Organizations that would be impacted by a 'singular sysadmin' already take measures to counter that possibility.
For instance, in an organization that I have worked with, the principle of assigning least privelege is adhered to strictly: users are given as little privelege as possible; helpdesk personnel only have enough privelege to modify computer settings (install printers and the like) and modify AD entries for the users in their section; progressively higher--more priveleged--levels require progressively more hurdles before they can make their changes.
And further, everything is traceable and documented; changes made without authorization are easily detectable and capable of being rolled back; the associated accounts can be locked down quickly for investigations as necessary.
Does it make it a bureaucratic nightmare to get things done? For normal business cases, no; if the user needs software installed, they submit a request to the helpdesk, and they get their software--assuming that they're authorized for it, anyway, but licensing is a whole other kettle of fish.
This is all possible because the possibility of a single person holding control over the network was recognized as undesirable at the start, and measures were taken to ensure that many administrators would hold the keys to making changes, and that they would be held accountable for said changes.

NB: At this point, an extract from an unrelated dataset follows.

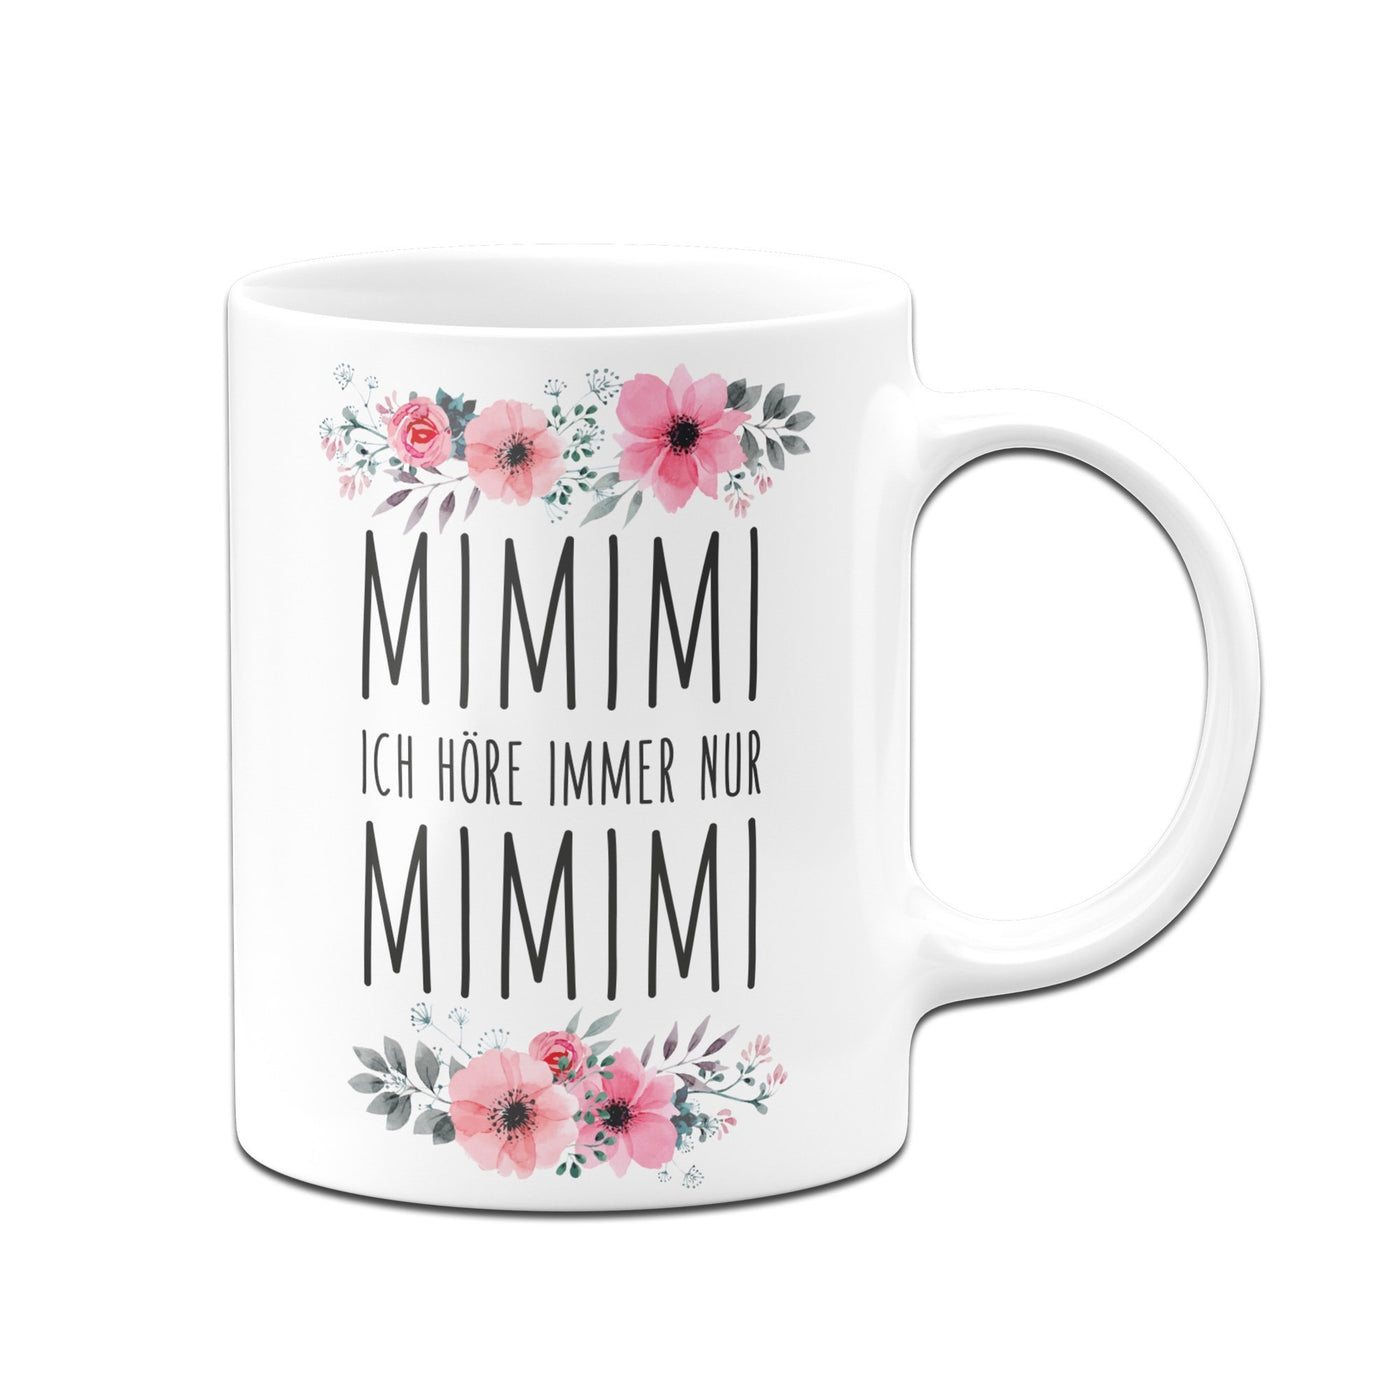 Bild: Tasse - Ich höre Immer nur mimimi - blumig Geschenkidee

Similar principles hold in other places as well--this is how most large enterprise networks work (some are managed better than others), and most open-source projects with any success rate will operate their repositories in a similar fashion, with access controls, least-privelege, and accountability being built into their procedures from the beginning.
This DAN sounds, to me, like an overcomplicated anarcho-collectivist "let's make everybody important!" kind of communal fuckery. Especially with the "forking" thing, you're almost guaranteed to end up with vast quantities of incompatible systems fighting each other to determine the One True Path. It's too complicated to work effectively, and there will be too much bureaucratic overhead to make any decisions in an agile enough fashion to matter.